The plane hit the grandstand and mounted the tiers of seats. "It could have exploded and caught fire at any moment. But Victor calmly climbed into the cockpit and switched off the engine. He knew the risk, he knew what it was like to be burned, but he still did it. That, to my mind was real heroism."

From the vantage point of our own tightly-regulated, health and safety-conscious era, the free and easy attitudes of the Thirties sound astonishing. On one occasion, Cedric found himself riding "like an apprentice jockey" astride a pile of two-gallon petrol cans in the passenger seat of a plywood biplane.

The plane had been hired by the Bata Shoe Company in East Tilbury to provide entertainment on King George's Jubilee Day.

The Spartan flew low over Tilbury, looking for a landing point. The best they could find was a field of corn. The plane swept in to land, the propeller and wings shearing through the standing crop. "It was like being machine-gunned by ears of corn," says Cedric.

The pilot explained as best he could to Bata's Czech managers he needed a proper take-off and landing strip. Then he and Cedric sat in the cockpit and waited.

"After a while," Cedric recalls, "there was the sound of puffing and clanking and a steam-roller appeared at the edge of the field."

It proceeded to flatten the corn to make a landing strip.

"We had noticed it when we flew over," says Cedric. "Now they commandeered it."

Inevitably, Cedric went on to work in the aircraft industry.

The school lever was snapped up by Short Brothers, in Chatham, when they discovered his enthusiasm and knowledge of planes.

He rapidly qualified as an aircraft engineer and inspector. Yet in one unpredictable way, his love of aviation was to prove thwarting.

"I badly wanted to join up in the war," he says.

"I passed all the tests. But I was told Sorry, but we can't take you. You're in a reserved occupation.' "

Eventually, a horrifying experience drove Cedric away from the industry altogether.

While refurbishing a damaged plane he came across a blood-soaked cockpit, still containing a severed arm. "It brought home the war to me," he says. "We were going to do to them what they had done to that poor man in the plane. I didn't want to be a part of it."

Cedric simply walked out of his job, his career, his vocation, and returned home to Southend.

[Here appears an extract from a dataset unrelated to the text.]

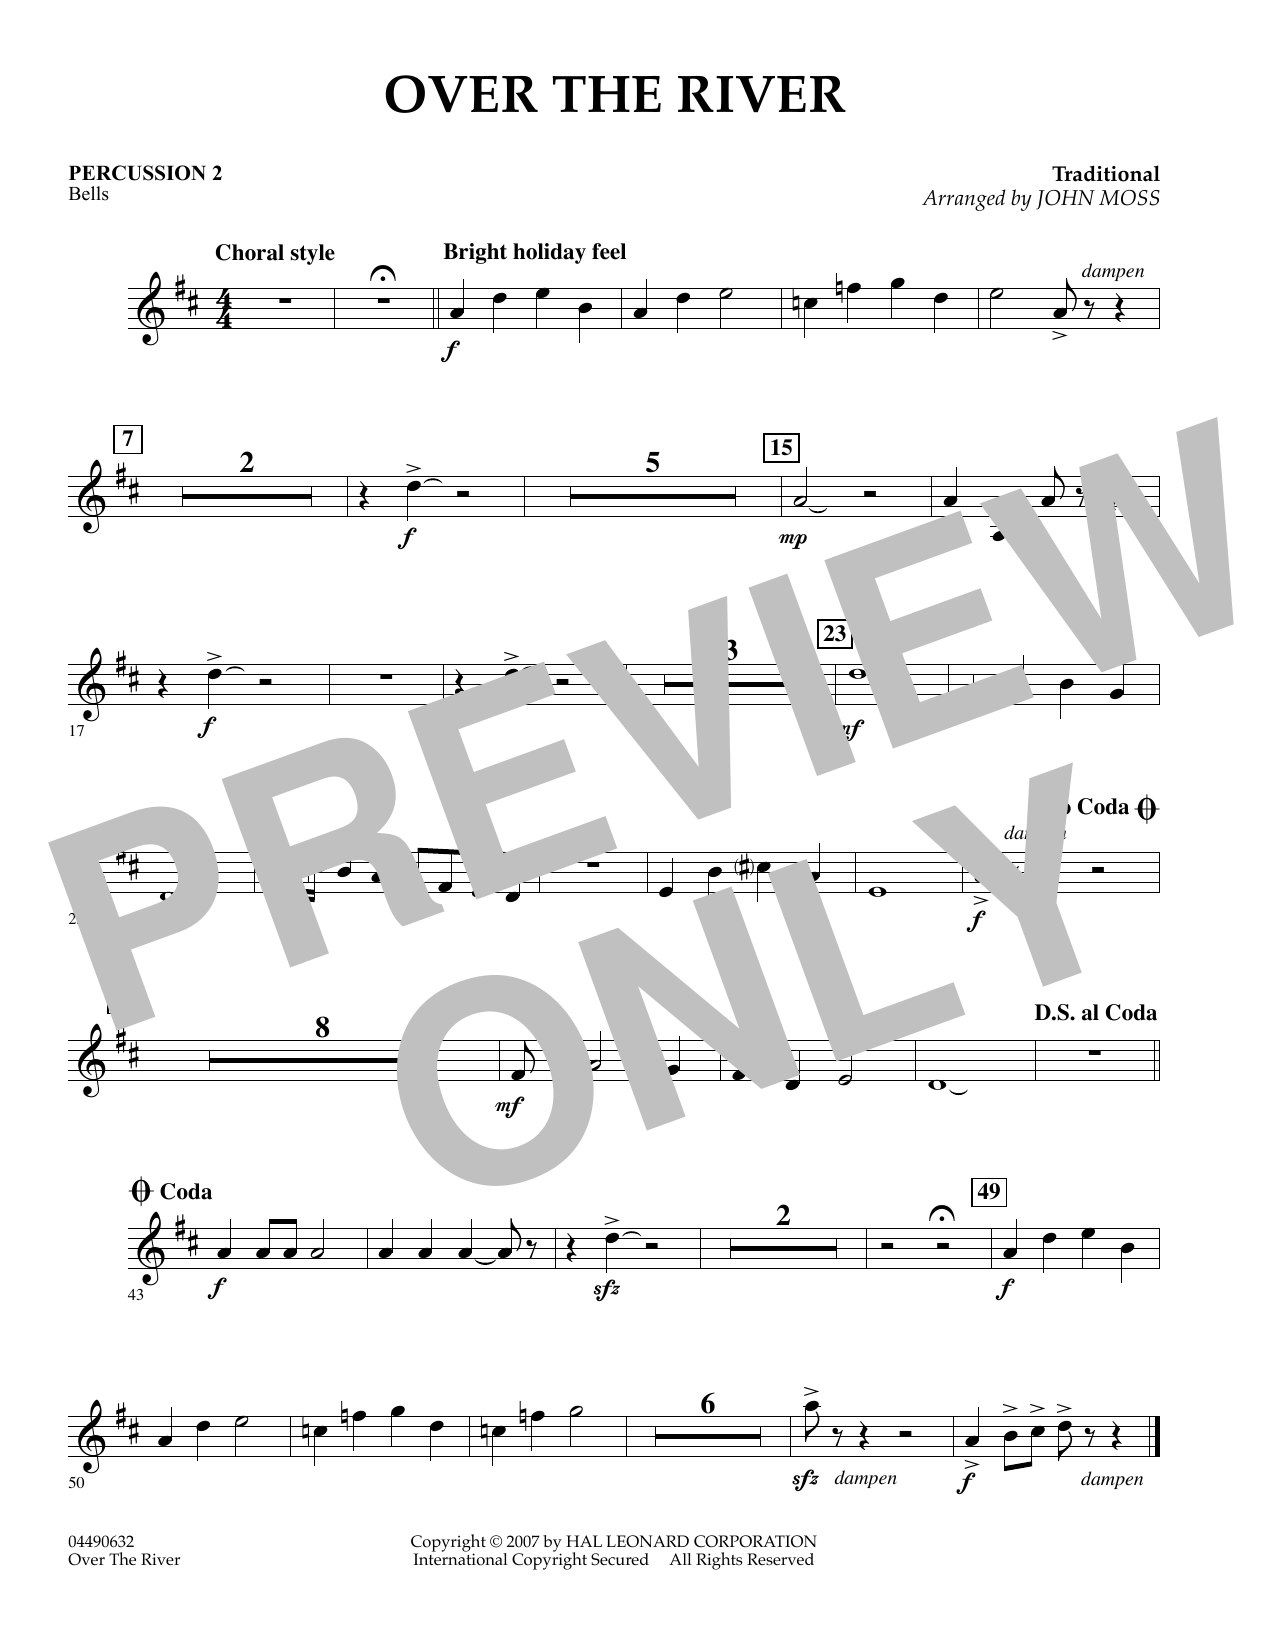 John Moss Over The River - Piano sheet music preview music notes and score for Orchestra including 1 page(s)

He found the first job he could, sweeping the floor in a Westcliff store. But he didn't stay in that position for long. Within a couple of years he had risen to director level.

Cedric went on to run his own building firm in Southend, Bell and Hodgkins. He might have given up on the aviation industry, but Cedric had taken flight once again.

These days, he lives comfortably with his second wife in Chalkwell Avenue, surrounded by paintings of aircraft. But for the second time in his life, Cedric Hodgkins has given up on aviation.

"I detest modern airports," he says. "They are miserable places. I've had more than one holiday ruined by what happened at the airport. So no more of that for me."

It has taken 81 years since that first flight, but Cedric Hodgkins has finally decided to stick to terra firma.